Петер Заврх не мог отвергнуть этот тост и согласился:
— Хорошо, выпьем за добро и красоту! — Он стал уступчивее и с грустью сказал: — Сегодня же вернусь к Урбану! Позабуду обо всем на свете, и о Раковице тоже! — сказал он это тихо, блеснув глазами в сторону племянника. Единственным утешением в его горестях была мысль, что утром он отслужит мессу и не станет больше носить бога на груди.
— Нет, завтра и втроем! — возразил Виктор, он светился отраженным пламенем Минки. А говорил он за троих, потому что дядя был частью его мира. Сам он ни за что на свете не откажется от нее, от той, ради которой неделю назад он покинул свою одинокую Раковицу. Эти дни, полные безумства, он провел в новом незнакомом мире, от которого опьянел. В нем пробудилось сильное, неутолимое желание какой-то иной жизни. Он ушел из дому за Минкой, за той, что жила в горах, в Подлесе, за той, чье имя он мальчишкой вырезал на деревьях вокруг Урбана, за той, что умела носить на плечах корзину и в четыре часа утра уходила на фабрику в долину — зарабатывать себе на хлеб, за той, что сумела бы делать это и сейчас и горячо любила бы его, только его, как любят в горах. Однако эта теперешняя Минка была другой. Она и Раковица были несовместимы. Если это вообще была Минка. И все же Виктор жадно тянулся к этой, теперешней, как будто именно такую он всегда желал. Она должна принадлежать только ему, должна жить ради него и Раковицы. Художник Якоб нагнулся к Виктору и сказал, обращаясь к нему одному и вместе с тем так, чтобы его услышал священник:
— А что же вы сделаете с женщиной, у которой веснушчатое лицо и которая в Раковице родила ребенка? — Раковчевы замерли, им хотелось переглянуться, однако они и глазом не моргнули. Не сразу Петер Заврх чуть повернул голову: словно хотел убедиться, что это сказал художник, а не его пробудившаяся совесть.
— Это ты? — спросил Петер, поняв, что это на самом деле произнес Якоб.
— Художник всегда должен быть совестью человечества, — ответил тот.
Петер Заврх, священник, взвешивал в душе его слова, не в силах победить в себе хозяина, и сказал твердо, беспощадно:
— Когда тебя настигнут голод и жажда, на Урбане тебя будут ждать хлеб и випавец. А совесть — посланница божья. Не беспокойся за женщину из Раковицы, тем более — за ребенка. Ему не придется садиться за чужой стол, а уж за твой и подавно. Амбары в Раковице большие и не пустеют даже весной.
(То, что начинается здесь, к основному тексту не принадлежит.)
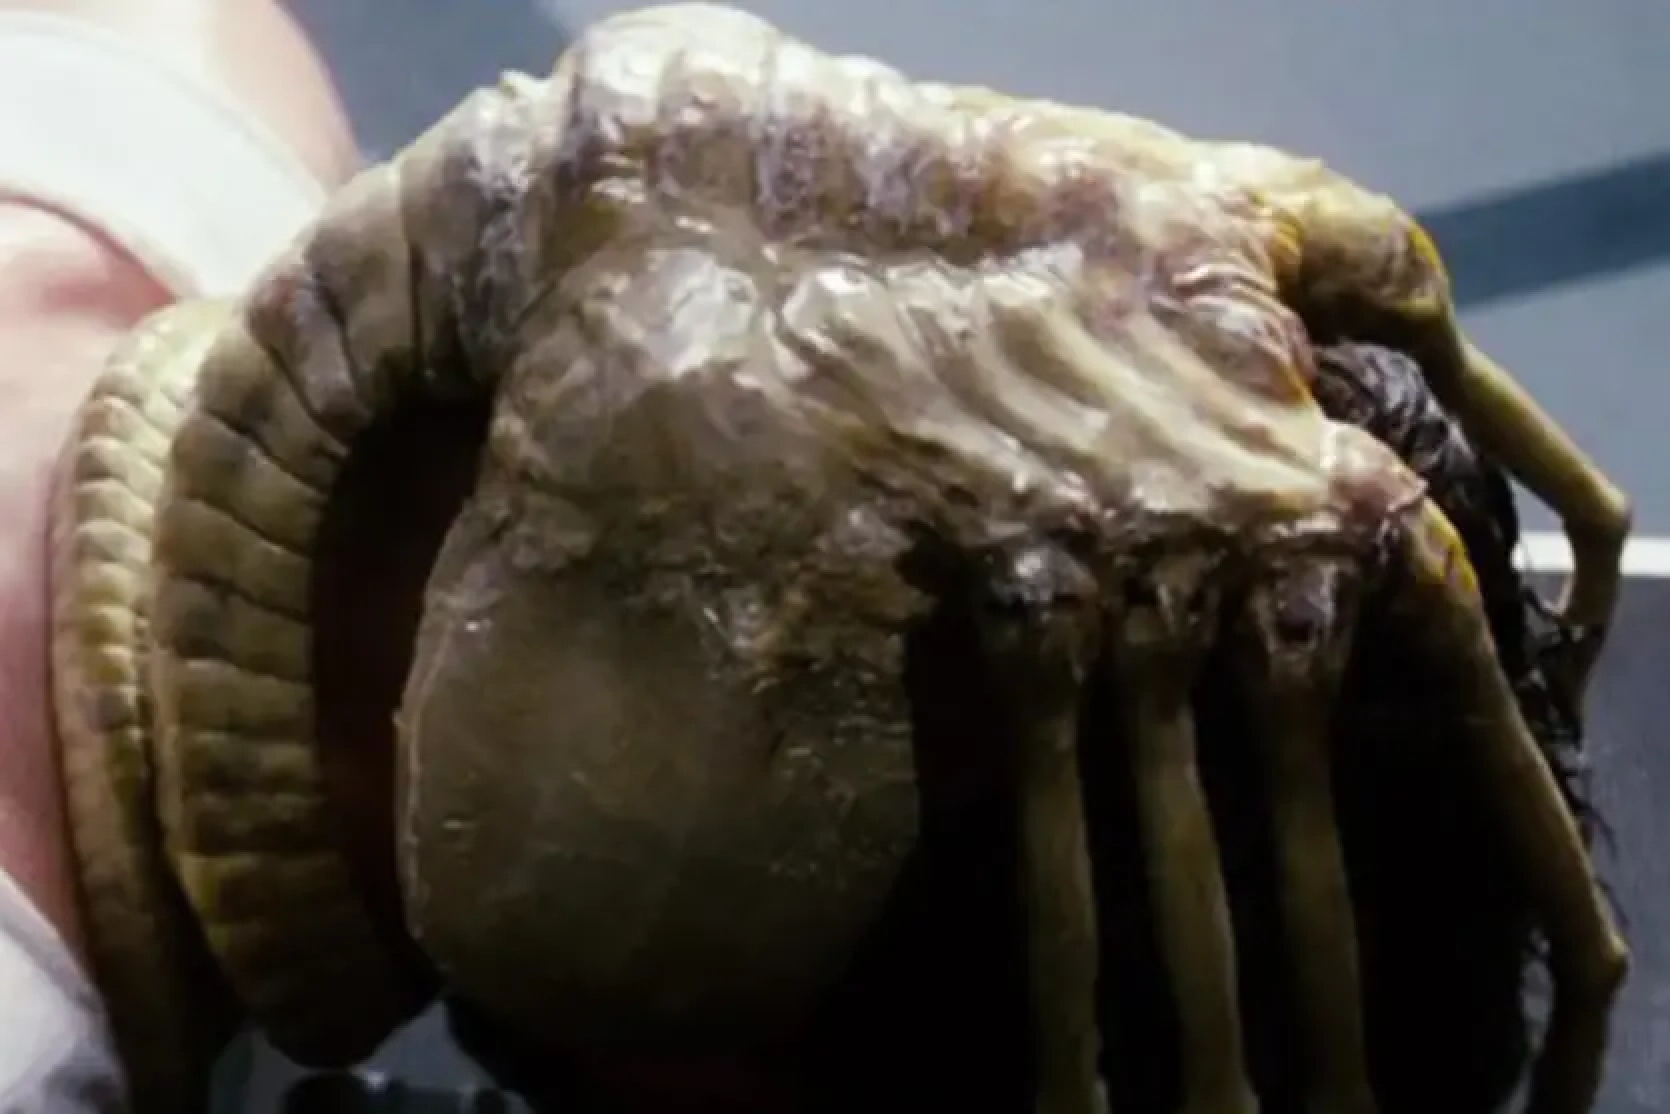 The director of the movie "Alien: Romulus" showed a model of the face grabber - the alien ran on the floor

Художник улыбался: Заврх задел его за живое. Нагнувшись к священнику, он тихо ответил:
— Мне послышался плач ребенка. Издали, с гор, откуда-то из-под Урбана.
Священник постоял выпрямившись, с поднятой головой, полуприкрыв глаза. Потом сказал твердо:
— Ты становишься надоедливым, прямо помешался на нравственности. — Неожиданная мысль заставила его внимательно посмотреть на художника, и он спросил, кивнув в сторону молодой Яковчихи: — А разве ты сам ничуть не виноват перед нею?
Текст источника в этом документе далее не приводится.